On March 29, 2011, the Supreme Court heard oral argument in Dukes, et al v Wal-Mart, a closely watched case that promises to provide guidance in the employment class action arena. The Court will decide whether a federal court in California properly certified a national class of more than 1.5 million current and former female employees alleging the pay and promotion practices of the retail giant discriminated against women.

The oral argument was lively, as the justices peppered each party’s attorneys with questions on two major issues: (1) whether Wal-Mart’s alleged gender-biased culture and subjective decision-making could support a commonality finding necessary for class certification; and (2) whether a class action, which includes a back-pay request, was proper under the federal rules and, concomitantly, whether Wal-Mart could obtain due process.

Interestingly, there appeared to be at least some gender divide in addressing the commonality issue, with Justices Ginsberg, Sotomayor, and especially Kagan expressing more openness to establishing commonality based on a policy of subjective decision-making. Other Justices doubted this approach, with Justice Roberts asking how many examples of subjective discriminatory decision-making created a policy upon which to base a class action. Justice Scalia questioned the internal logical inconsistency of the employees’ theory, remarking that the complaint faced two directions and that he was being “whip-sawed” by their arguments that a corporate culture controlled all decisions but that individual supervisors were allowed to exercise unfettered subjective decision-making. Other Justices questioned whether employees’ proposed approach would allow a class action against all companies based only on a showing of a statistical disparity between male and female employees.

There appeared to be more consensus on whether the proposed class action could proceed under the more easily satisfied standards of the federal rules (in particular, Rule 23(b)(2)) when employees are seeking back pay. Several Justices, including perhaps most aggressively Justice Sotomayor, expressed skepticism that employees’ proposed formula-based damage approach would give Wal-Mart the opportunity to present individualized defenses necessary for due process.

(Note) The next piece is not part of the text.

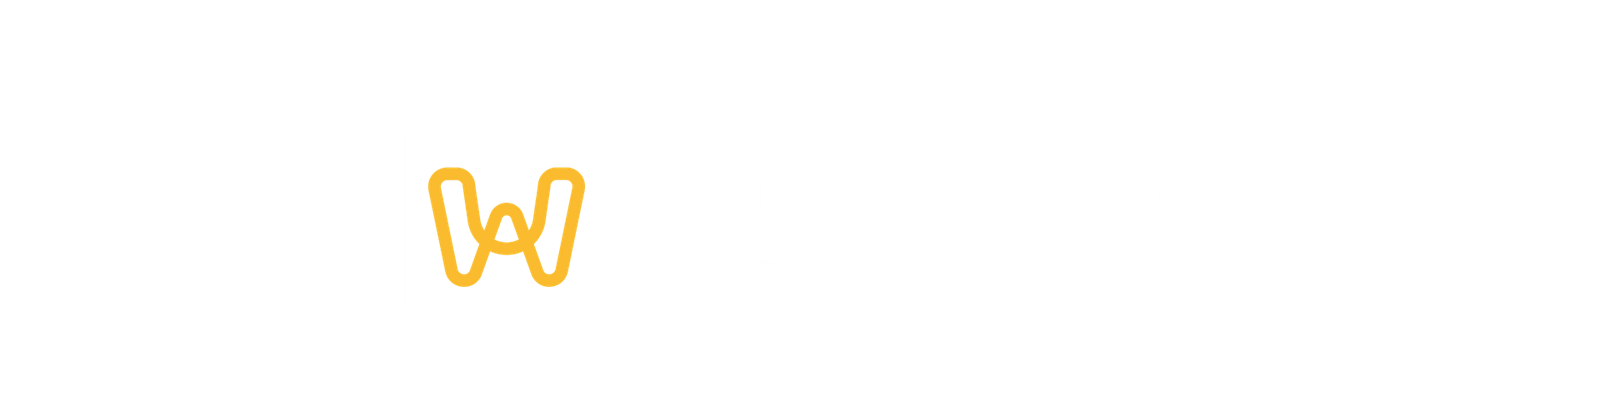 Win Market Agency Blog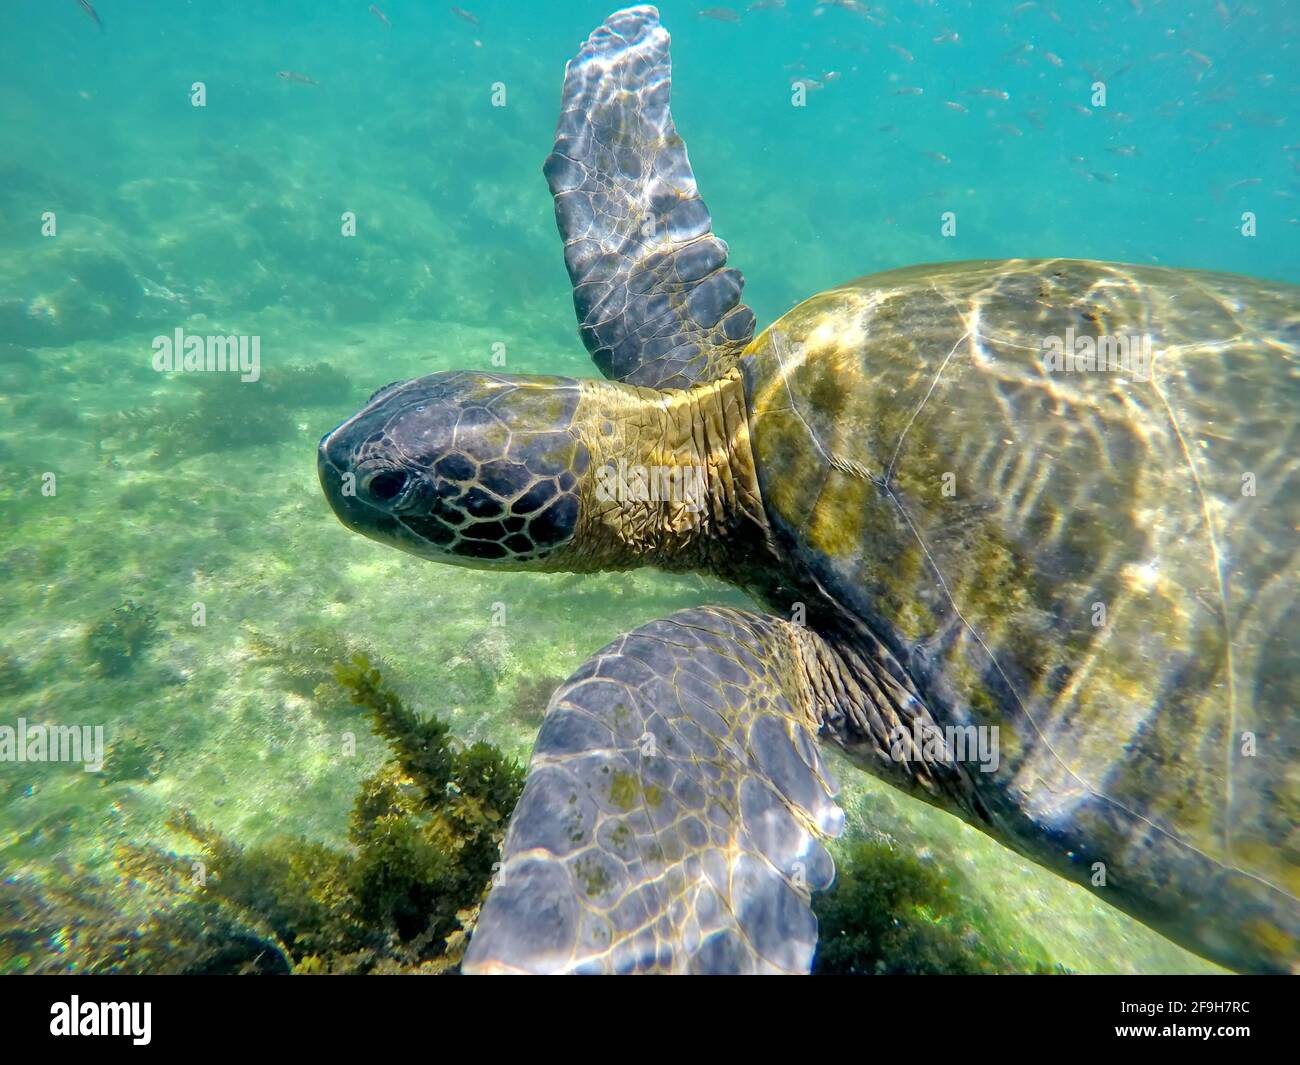 Close up of a Galapagos green sea turtle at Punta Espinoza, Fernandina Island, Galapagos, Ecuador Stock Photo

Sixty minutes transpires quickly in a case of such magnitude involving multi-layered issues bordered by shades of gray, making prognostication a foolish endeavor. However, we cannot help ourselves. It is very unlikely that the Court will affirm the Ninth Circuit’s opinion certifying the class in its entirety. It is likely that the court will not allow the class to proceed under Rule 23(b)(2), at least with respect to the formula-based damages approach. Finally, the commonality question may yield separate concurring and dissenting opinions illustrating the differences of opinion regarding the degree of specificity required. Therefore, there will be some guidance, but our bet is that this will not be the last time that the Supreme Court examines the requisites for employment discrimination class actions. Stay tuned for future articles on whether our predictions come true.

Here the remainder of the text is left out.